The human race in general is very genital essentialist. The vast majority of American males, for example, would be horrified to date a woman with a penis, no matter how closely aligned they were mentally, emotionally, spiritually, or otherwise. Even the rest of her looked beautiful in public, most men have a laser-like focus directly on the genitals. The reverse is true with women, to a lesser extent. And no I’m not a hypocrite - I am attracted to women who are women between their ears. I would never throw someone away because of an ounce of flesh one way or the other.

And then folks are just plain scared of the stigma. Oh sure, most people talk a good game or are real e-tigers online, but when faced with the prospect of introducing their transgender girlfriend to their parents, they fold like a cheap card table. Even those who are independent people who can stand up to their families and friends may also worry about other repercussions, everything from stigma at work and potential loss of income, to routine discrimination, violence, and even murder.

Finally, some of us are just not all that good at relationships. We’ve been living in fear, denial, and shame for years - decades - and have accumulated some emotional damage that has to be repaired. And as we struggle with hormone therapy and its changes on our bodies and emotions, and as we struggle to find acceptance among all of society, struggle with job loss, loss of family, etc…well, being honest here many of us are basket cases due to the incredible weight of the edifice of society crashing down on us to condemn us for being gender transgressors.

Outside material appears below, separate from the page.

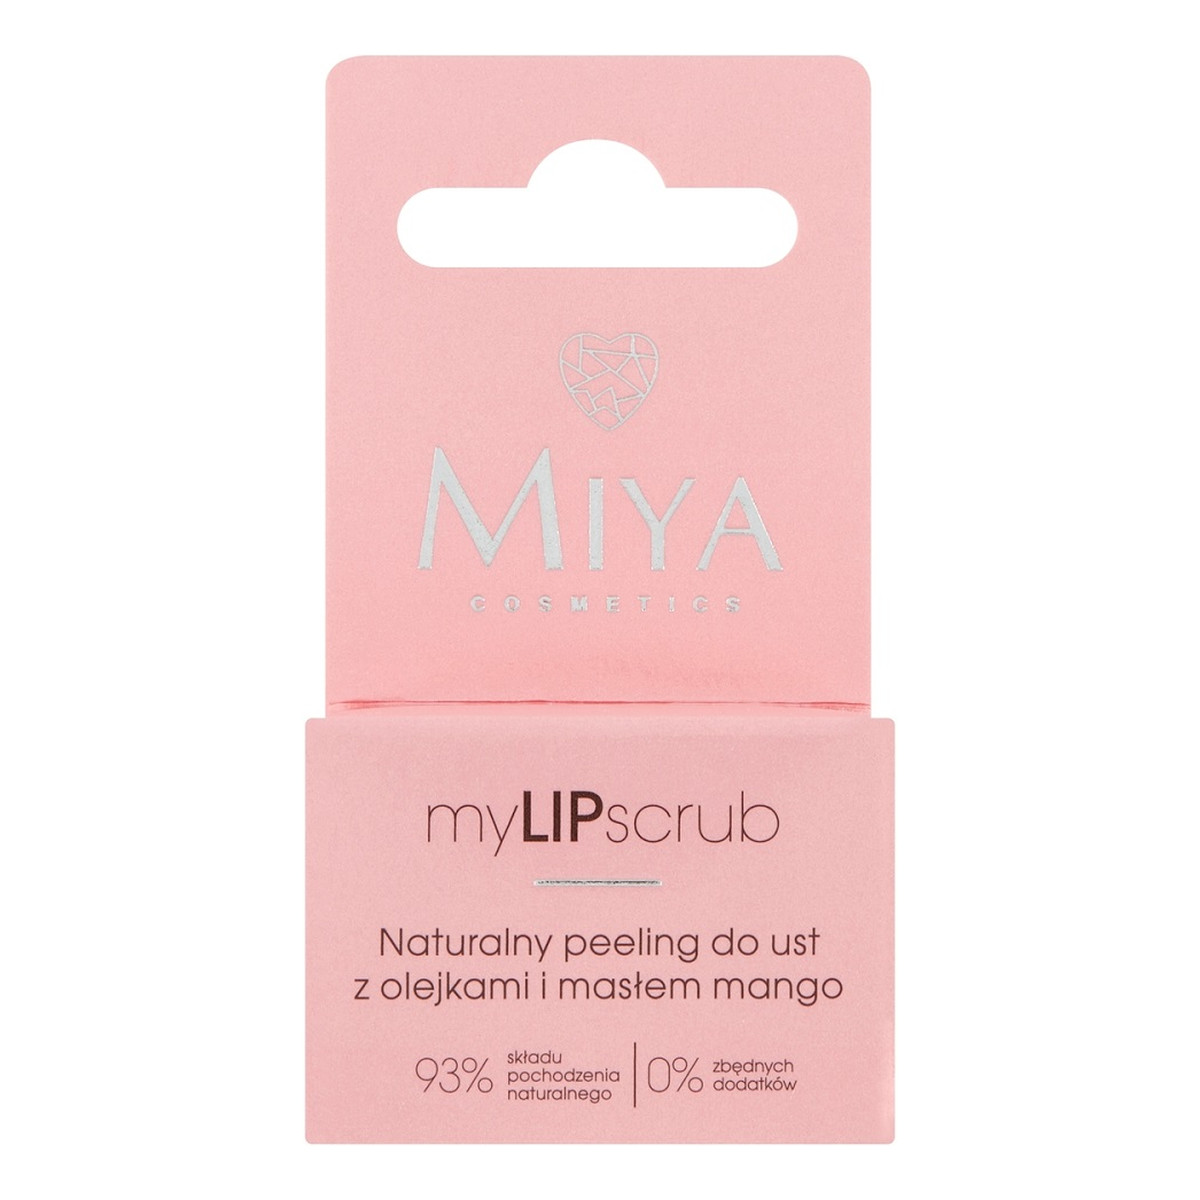 Miya Cosmetics Mylipscrub naturalny peeling do ust z olejkami i masłem mango 10g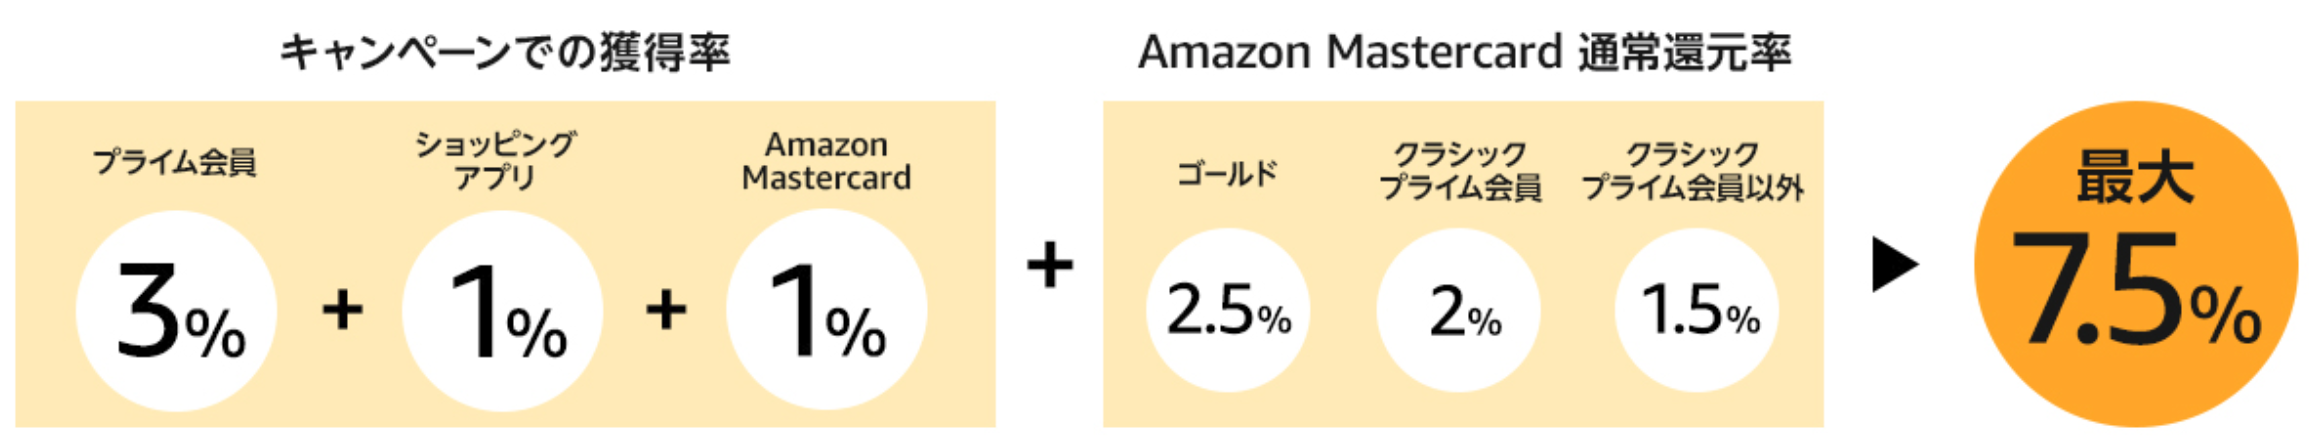 Amazonポイントアップキャンペーンで最大7 5 5 000ポイント還元 寝ながら投資

For those and other reasons we’re not exactly hot dating prospects, especially those who do not have passing privilege.

Nope, and nope again. The book won’t incorporate the blog posts. It is titled The Story of Q: A GenderQueer Tale and it is mostly autobiographical rather than theoretical / discussional like the blog posts. Show, rather than tell. Still seeking a publisher, mostly from among the small niche presses.

Nope. Or at least that’s not the point I am trying to make.

Let me try it this way:

Joe is a History student at a college in America, and he really wants to hang out with some other American History majors.

Sue is an American student of Russian culture and she really wants to hang out with some native Russians and observe their culture first-hand.

Joe joins the History club to promote the goals of the History department. He not only gets to address those goals, he also gets to hang out with other American History majors because that’s who also goes to the History club.

Sue joins the Russian culture club to promote the goals of the Russian Culture program. She ends up in a roomful of other students of Russian culture — American students like herself. It in no way scratches her itch to hang out with some native Russians and observe their culture first-hand.

With that in your head, now please go back and read the OP again?

I knew someone would understand!! <3 <3 <3 :slight_smile:
(ETA: I promise to make my next blogpost about my recent attempts at activism off the computer screen environment)

That’s a very good point, and one I often forget to think about. I’m sterile and have been since 23 and I actually did have someone I was in love with break off a relationship unexpectedly and I later wondered if that was why, that she wanted a connection that might lead to having kids.